Pseudohypocusis is the intentional, conscious act of feigning a hearing loss as a form of deception. Other terms include non-organic, functional, malingering.
Men are more apt to fake a loss if there is financial gain involved.
Women will fake if pressured.
Kids use it as an attention getting device, especially prepubescent females.
Signs of Pseudohypocusis
Patient often indicates a very specific incident that caused the “loss”
There is something to be gained financially from the “loss” (often referred by a lawyer)
Very exaggerated lip reading, movements, etc.
Test/retest will be all over the place, not within the acceptable 10 dB range.
Acoustic reflexes will be present.
Stenger: test for unilateral loss. Have to have a 20 dB difference between the ears.
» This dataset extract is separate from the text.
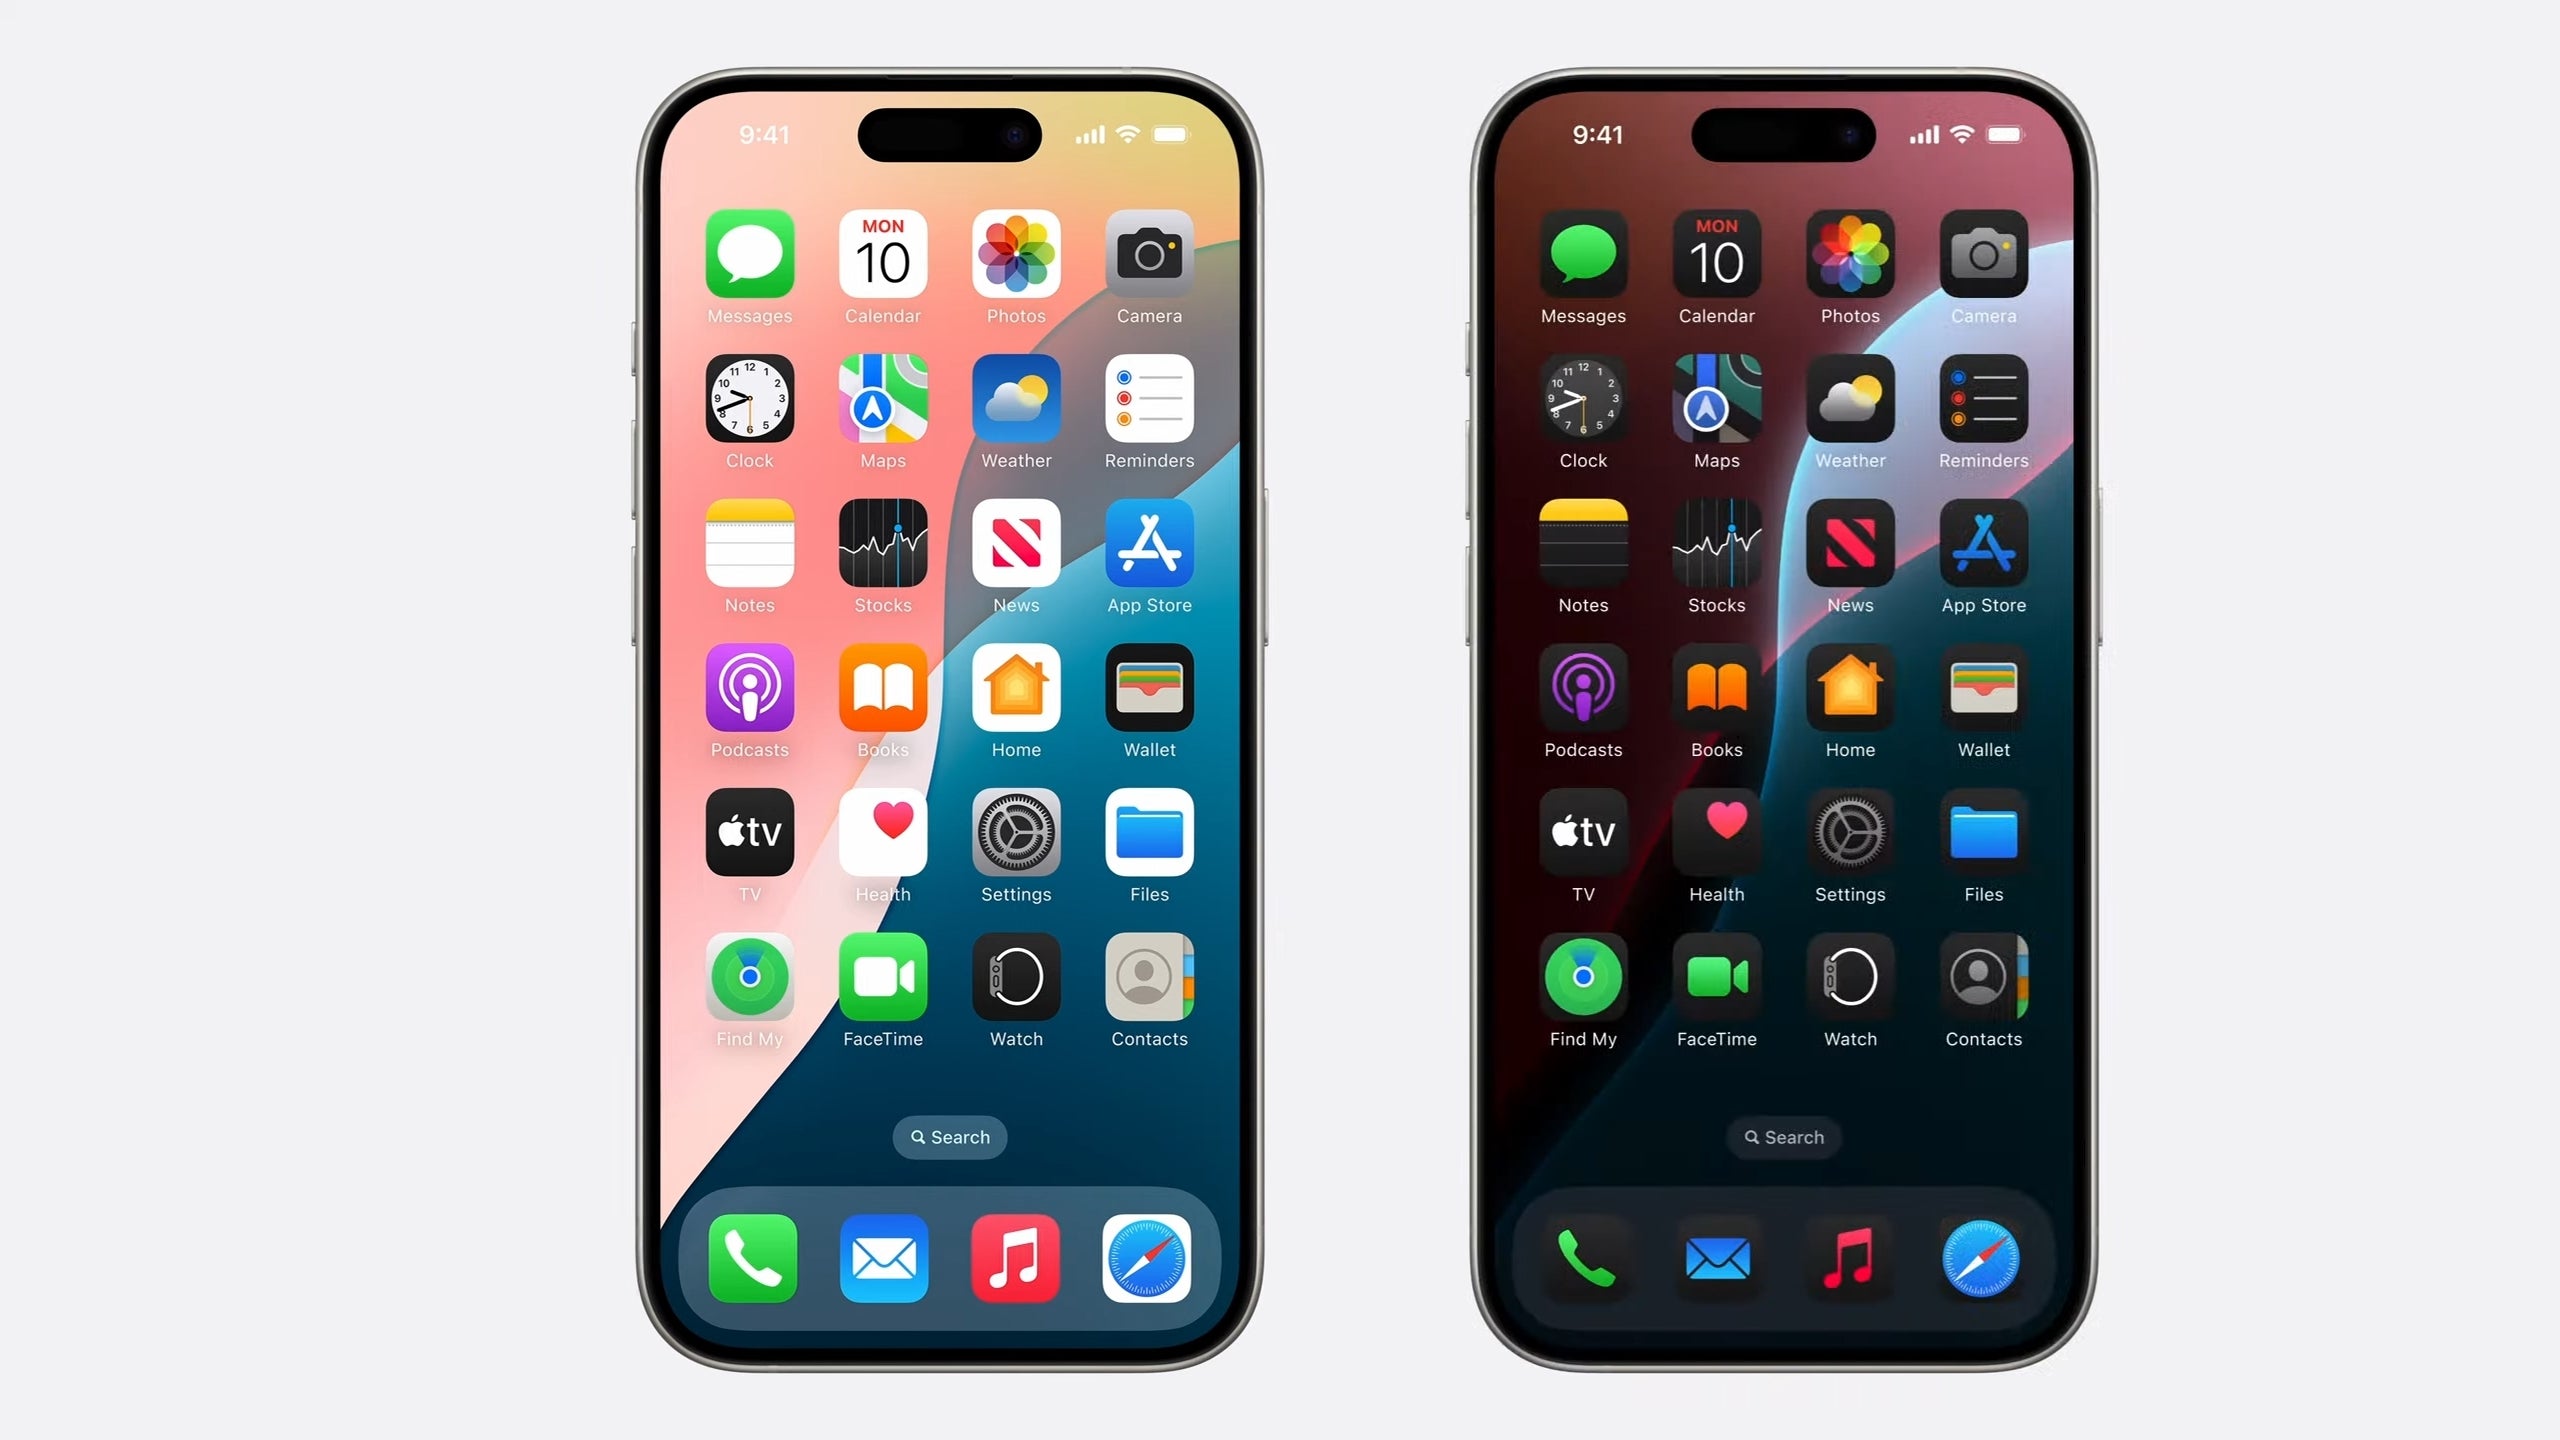 iOS 18 will give you even more customization over iOS &amp;nbsp - iOS 18 breaks cover: A milestone update for the iPhone, powered by AI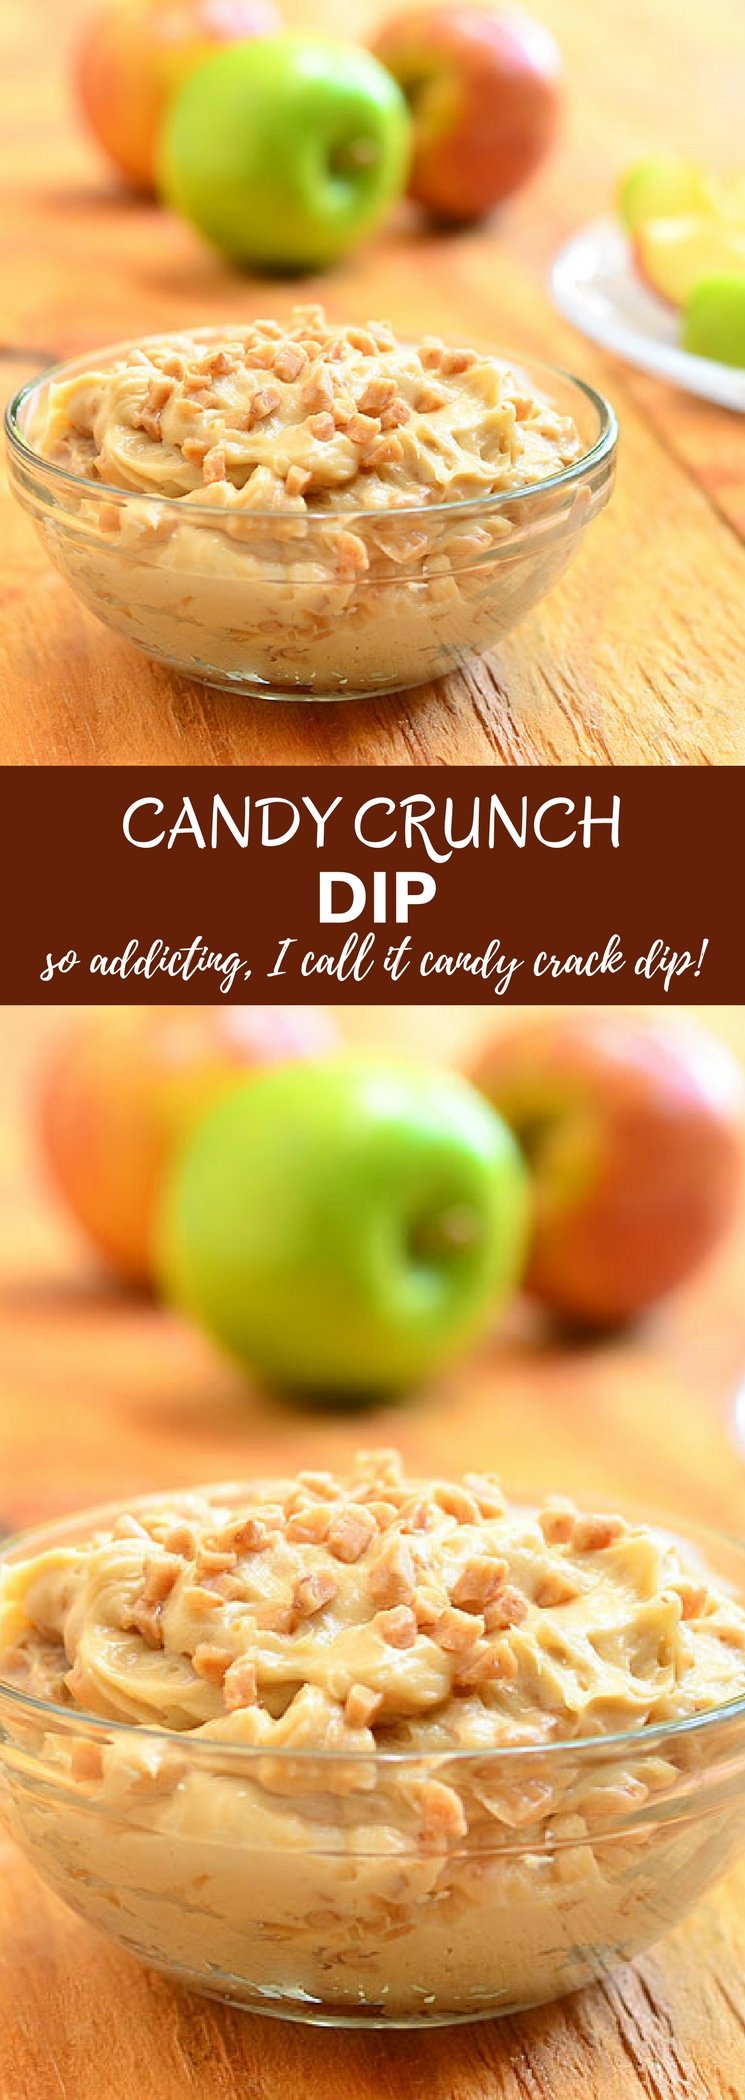 Candy Crunch dip loaded with toffee bits is a delicious dessert dip you'd love digging into with apples, graham crackers, and vanilla wafers! So addicting, you might as well call it candy CRACK dip!

MADGE: minimal ascending descending gap evaluation. Start at 0 or -10, ascent until threshold at each frequency. Let patient rest, then start at very high level and descend to get thresholds at each frequency. Fakers will have a big difference between thresholds.
Delayed pure tone and speech feedback: fakers will get tripped up with delayed tones and speech feedback, but if there is a true loss it wouldn’t bother them.
Lombard Test: masking noise in the “bad” ear. Have them repeat words. Fakers voice will get louder to compensate for noise.